In this study, we have proposed EgoDiet, a passive dietary monitoring system that uses AI and wearable technology to facilitate dietary assessment. We found that the system shows potential in reducing error rates in dietary assessment compared to traditional methods, suggesting it could be a promising alternative for monitoring dietary intake. Given the link between diet, non-communicable diseases, and associated health risks, there is a necessity for reliable methods to monitor dietary intake. The inaccuracies in reporting dietary intake based on the current self-reporting methods significantly undermine the integrity of various research outcomes, ranging from clinical trials and epidemiological studies in evaluating the impact of nutritional policies. Moreover, the burdens associated with the requirement to self-report diet on multiple occasions can affect eating behaviour, study recruitment, and importantly, subsequent retention, thus biasing participant demographics. However, there are a few methods available nowadays that can accurately monitor dietary intake for individuals in their own environments.

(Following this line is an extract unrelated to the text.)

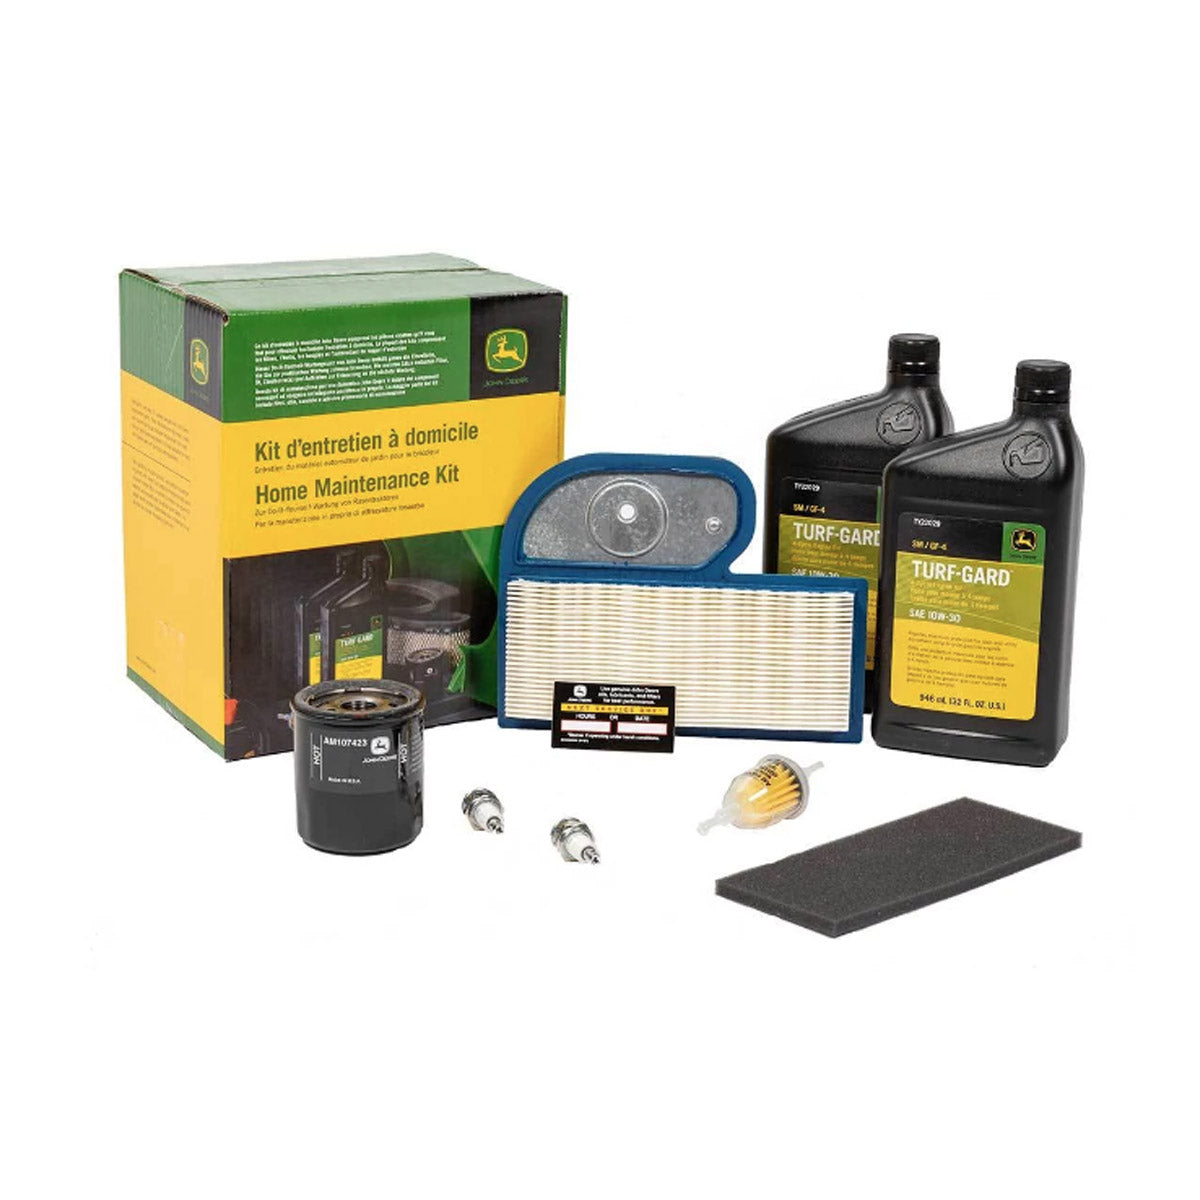 John Deere Home Maintenance Kit for LT, LX, GT, GX & 300 Series - LG195
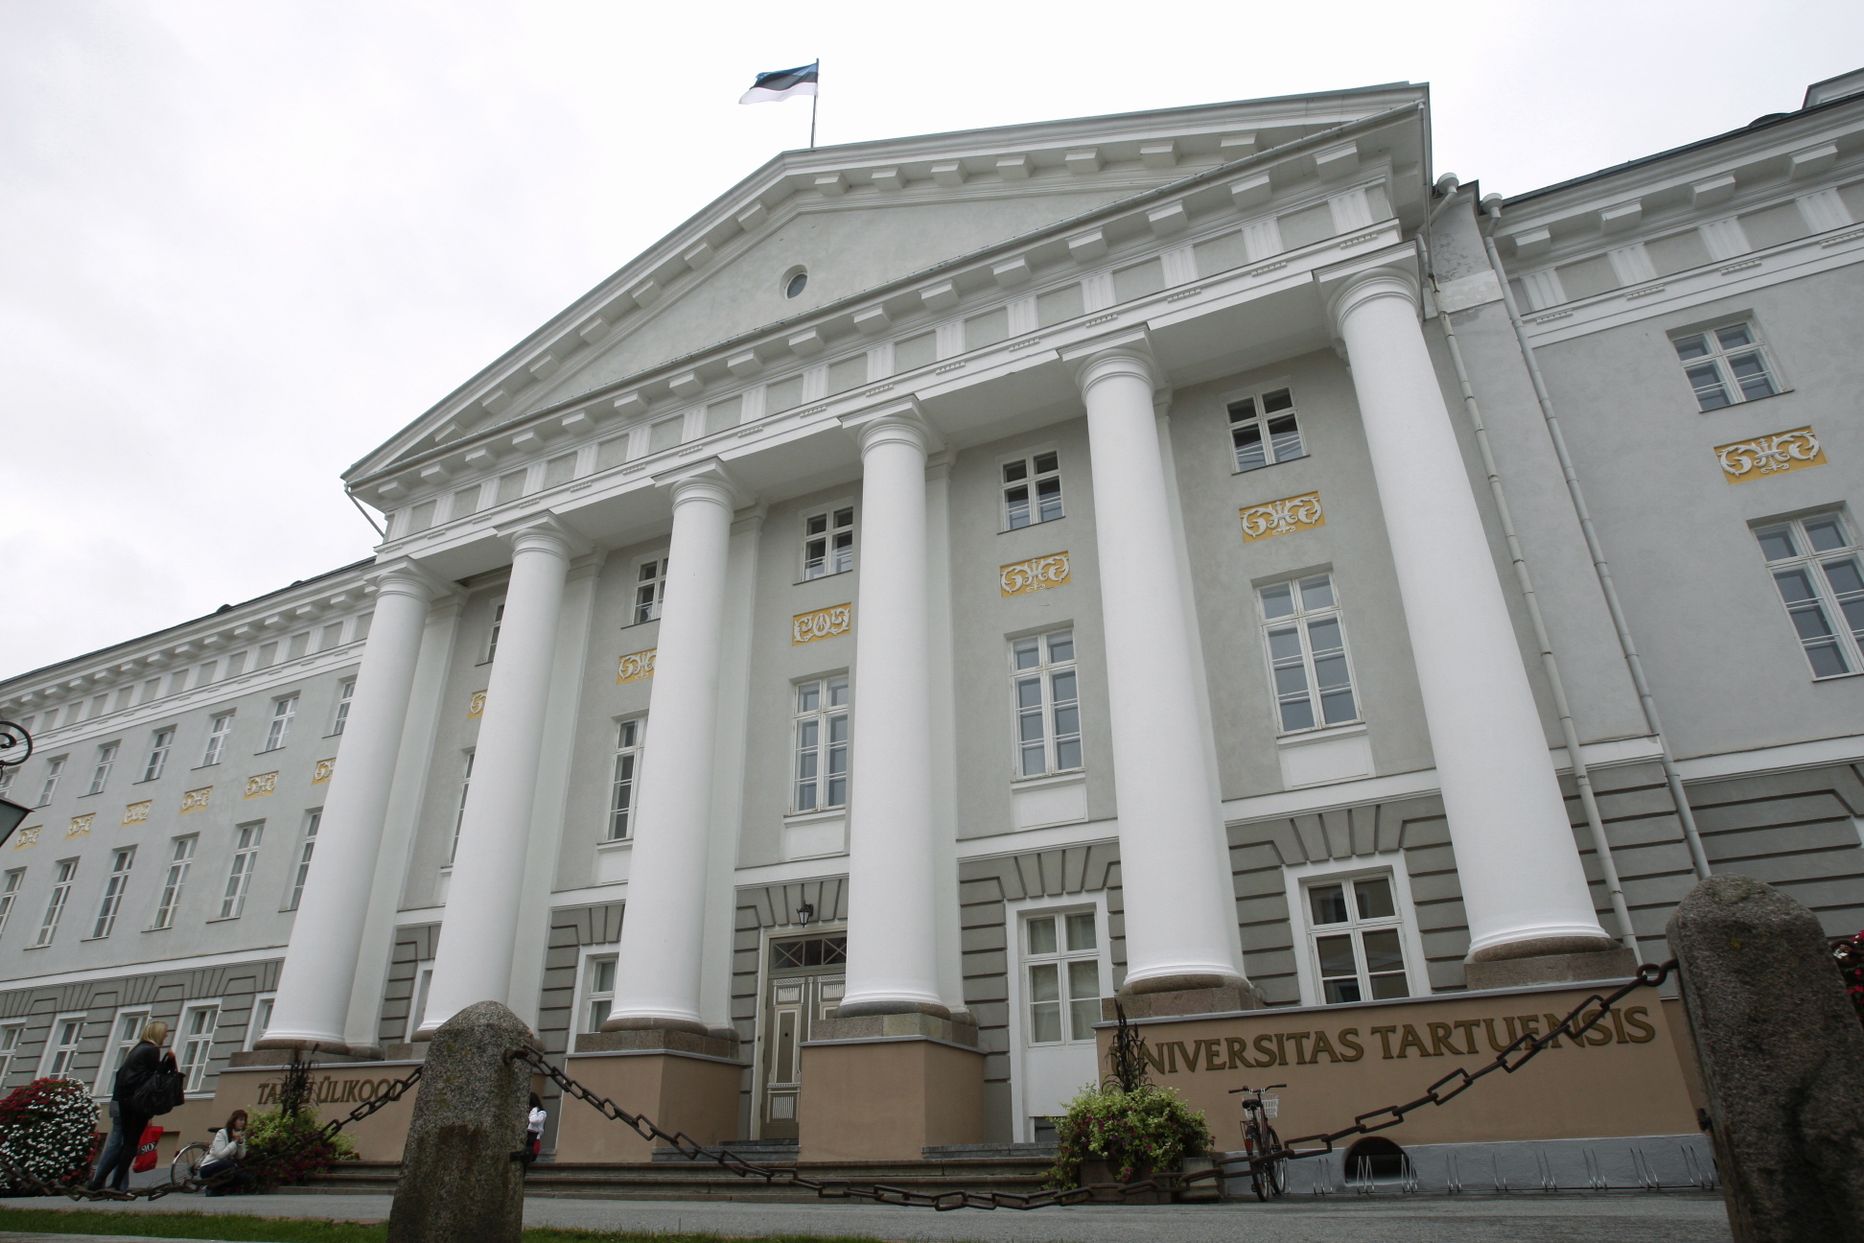 Eestis tuntakse Rootsi kuningat hariduselu edendajana ning eelkõige Tartu Ülikooli asutajana.

With EgoDiet, we addressed several challenges in the field of dietary assessment such as self-reporting bias and participant burden. In terms of practicality, EgoDiet enables dietary assessment using low-cost passive wearable cameras, which minimise the burden and technical requirements for dietary information collection and analysis. Our empirical analysis comprises three phases, including an initial controlled environment testing phase, followed by Study A (conducted in London) and Study B (conducted in Ghana). The controlled environment testing phase allowed us to assess the system’s performance under optimal conditions, establishing the accuracy and consistency of EgoDiet’s core functionalities. Building upon these foundational results, in Study A, we found that the error rate when using the AI-powered EgoDiet approach was 31.9% for portion size estimation, whereas with traditional dietary assessment by dietitians using visual estimation, the error rate was higher, at 40.1%. In Study B, we compared EgoDiet with another traditional method, the 24HR. The results show that the error rate for EgoDiet was 28.0%, while the error rate for the 24HR method was slightly higher, at 32.5%. These comparative analyses show the potential of passive wearable technology in capturing dietary intake information. Notably, traditional dietary assessment techniques, predominantly reliant on self-reporting mechanisms such as 24HR and food frequency questionnaires, have been noted for their difficulties in achieving high levels of precision. Previous studies26,27 have highlighted the significant challenge of under-reporting, with rates reaching up to 59%, raising concerns about the reliability of these conventional methods. Besides, with our technology, dietitians are not required to conduct structured interviews to gather information on food types and portion sizes, which can reduce their workload, especially during large-scale dietary assessments. Furthermore, the cost of wearable cameras is comparable to conducting a single 24HR. As cameras are mass-produced, the cost can become even more favourable. Additionally, the reusability of cameras offers an additional cost advantage for our technology. The use of low-cost wearable cameras, which can be distributed and used by multiple participants simultaneously, also accelerates the speed of data collection.

From a technical perspective, to minimise the impact on participants’ normal behaviour when using our technology, we do not consider using any fiducial markers, but it indeed makes the task particularly challenging due to the scale ambiguity. To address this issue, we proposed EgoDiet:3DNet, a model that could roughly estimate the scale of food containers. This demonstrates the potential of employing standard RGB cameras as a substitute for costly depth cameras, offering an alternative solution to the portion size estimation. Despite the advancements in learning-based depth estimation methods, there are still constraints due to the requirement for training and testing within similar scenarios. As a result, these models are not sufficiently generalised, which can lead to less accurate estimations in significantly different scenes. Nonetheless, the continuous evolution of AI techniques is progressively addressing this challenge. Furthermore, EgoDiet:Feature and EgoDiet:PortionNet are engineered to operate together, enabling accurate portion size estimation with few annotations. With the use of the domain knowledge to constrain the learning algorithm, our network can directly target the portion size-related features without requiring to extract implicit features from large volume of training data (i.e. paired RGB images and their corresponding portion size cannot be easily obtained). This multi-module approach to calculating portion size, while potentially leading to cumulative errors, also has its advantages. It allows for the timely replacement of previous modules with state-of-the-art (SOTA) ones. For instance, with the rising popularity of large-scale foundation models, the accuracy of recognition (e.g. LLaVA28, GPT-4V), segmentation (e.g. Segment Anything29), and depth estimation (e.g. Depth Anything30) is continually improving, enabling us to optimise the performance of our network. Last but not least, it’s important to note that the majority of current algorithms are tailored for active food capture, which poses a challenge for integration with passively capturing wearable cameras. Techniques such as stereo-based methods, model-based approaches, and perspective transformation all come with their own limitations. These include restrictive capturing angles, dependency on distinct features on food items, and a need for user intervention. Such constraints significantly impede the scalability of dietary assessments.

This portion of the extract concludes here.